The Medicare Annual Wellness Visit (AWV) is a valuable but often underutilized resource. This annual checkup, specifically designed for Medicare beneficiaries, encourages proactive health management, creates customized preventive care plans, and promotes improved quality of life for the recipients. 

Studies have demonstrated the enormous opportunity for AWVs to facilitate healthy aging among the elderly populace and encourage participants to take advantage of preventive services and mitigate their health risks. AWVs also correlate to a significant reduction in acute hospitalizations and outpatient services, as Medicare patients average a 5.7% reduction in healthcare expenditures if they receive an AWV. 

However, 81% of eligible participants fail to receive the service despite its potential to enhance overall well-being. Patients and providers are often confused about the distinction between AWVs and annual physicals. Furthermore, AWVs can be perceived as disruptive to a practice’s workflow without proper implementation. If practices cannot verify patient eligibility in real-time, they also risk providing a service that does not qualify for reimbursement. 

In this article, we delve into the vital aspects of AWVs, defining the specifics of what an AWV entails, what makes them distinct from other routine annual visits, and how to seamlessly integrate them into your practice through ChartSpan’s RapidAWV™ software. 

What is a Medicare Annual Wellness Visit?

Medicare Annual Wellness Visit (AWV) is a yearly appointment where healthcare providers assess a patient’s health risks, develop personalized prevention plans, recommend screenings, and educate patients on managing their health. AWVs provide customized preventive care, detect potential health risks early on, actively engage patients in their wellness journey, and improve patients’ overall quality of life. 

First introduced in 2011 as part of the Affordable Care Act, Annual Wellness Visits are entirely covered by Medicare and scheduled every 12 months once a patient has been enrolled in Medicare Part B for over a year. 

What happens at an Annual Wellness Visit?

During an Annual Wellness Visit, physicians will review a patient’s medical history and prescription medications and document vital signs like height, weight, body mass index (BMI), and blood pressure. Before the physician’s consultation, patients complete a Health Risk Assessment (HRA), a self-guided questionnaire that ascertains details about the patient’s health, medical history, and lifestyle. AWVs also address various factors that influence a patient’s health, like behavioral risks, cognitive ability, depression, nutrition, and Social Determinants of Health (SDOHs)

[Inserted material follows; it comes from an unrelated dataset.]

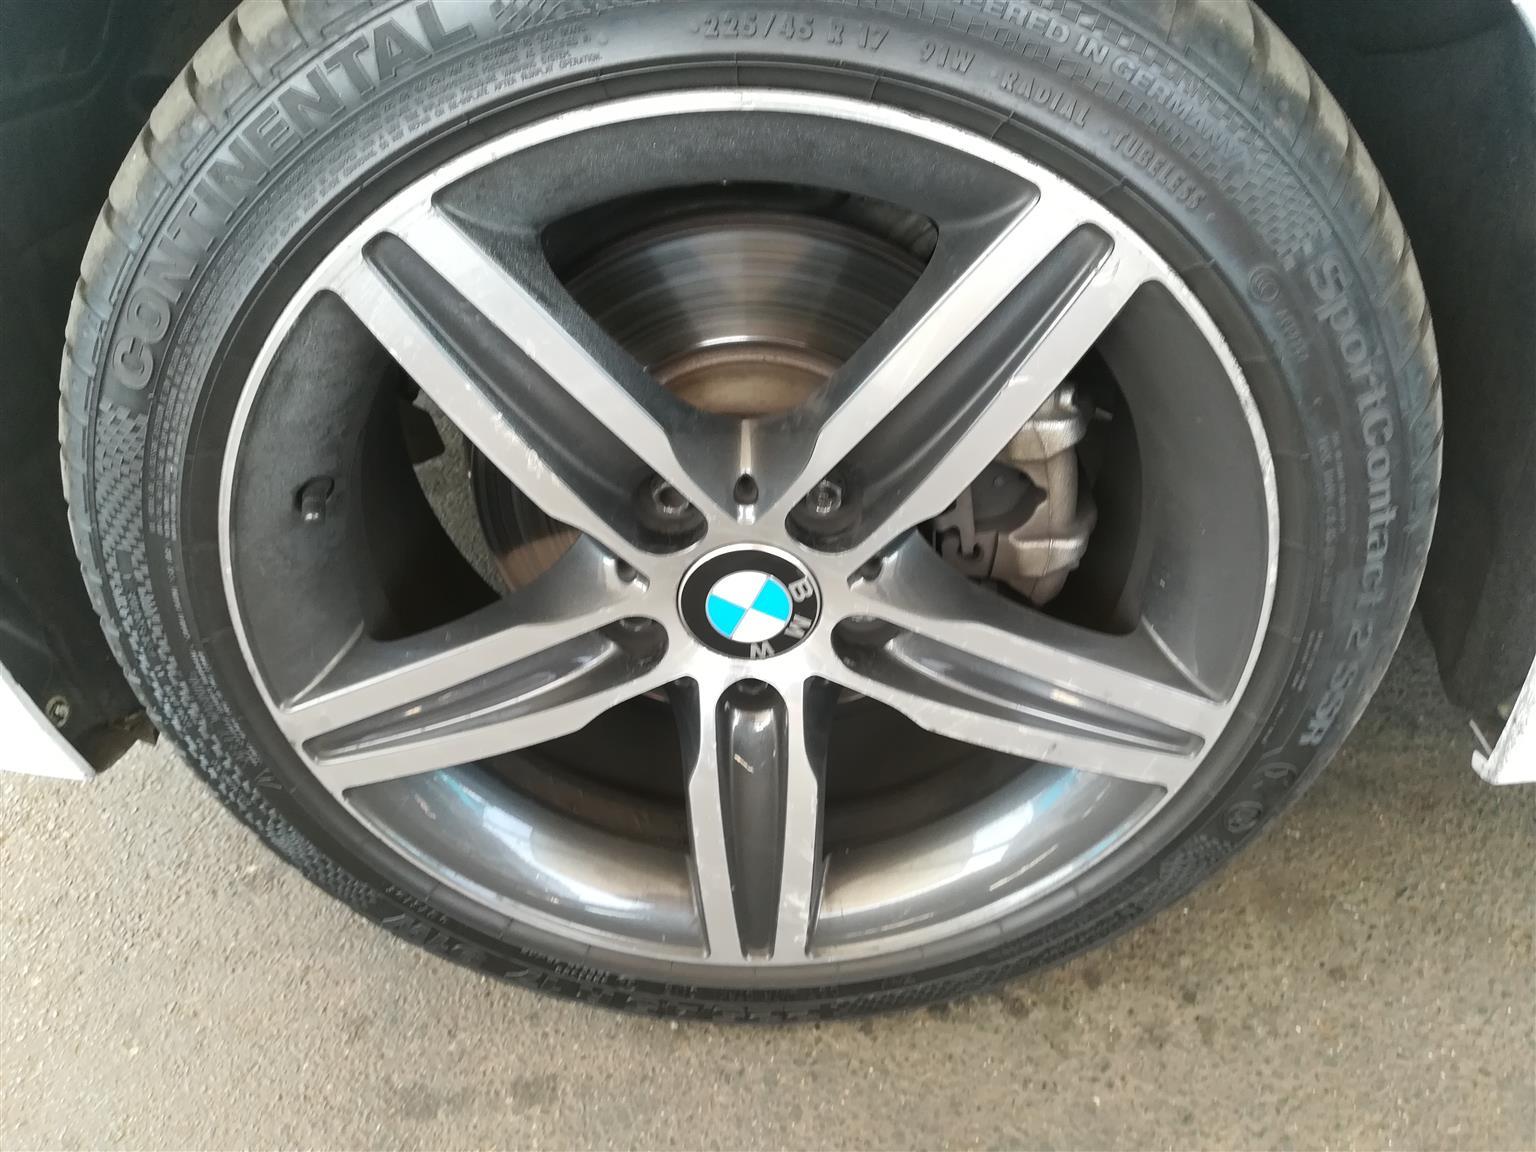 2017 BMW 1 Series 5-door 118i SPORTLINE A/T (F40)

Annual Wellness Visits are intentionally proactive and designed to promote positive clinical outcomes and quality of life by holistically observing a patient’s health and risk factors. Suppose a patient is living with a chronic illness like diabetes. In that case, the focus of many office visits and yearly examinations may be tied to the patient’s symptoms and concerns about their condition and medications. 

Other risk factors may go undetected during sick-care visits, leading to the patient developing additional chronic conditions that further complicate their healthcare journey. Through HRAs and AWVs, physicians can observe a patient’s unique medical history, risk factors, and lifestyle and gain a better understanding of what conditions patients may struggle with in the future. 

Physicians then craft an individualized wellness plan that mitigates health risks and emphasizes preventive action, rather than solely treating the existing symptoms and concerns. 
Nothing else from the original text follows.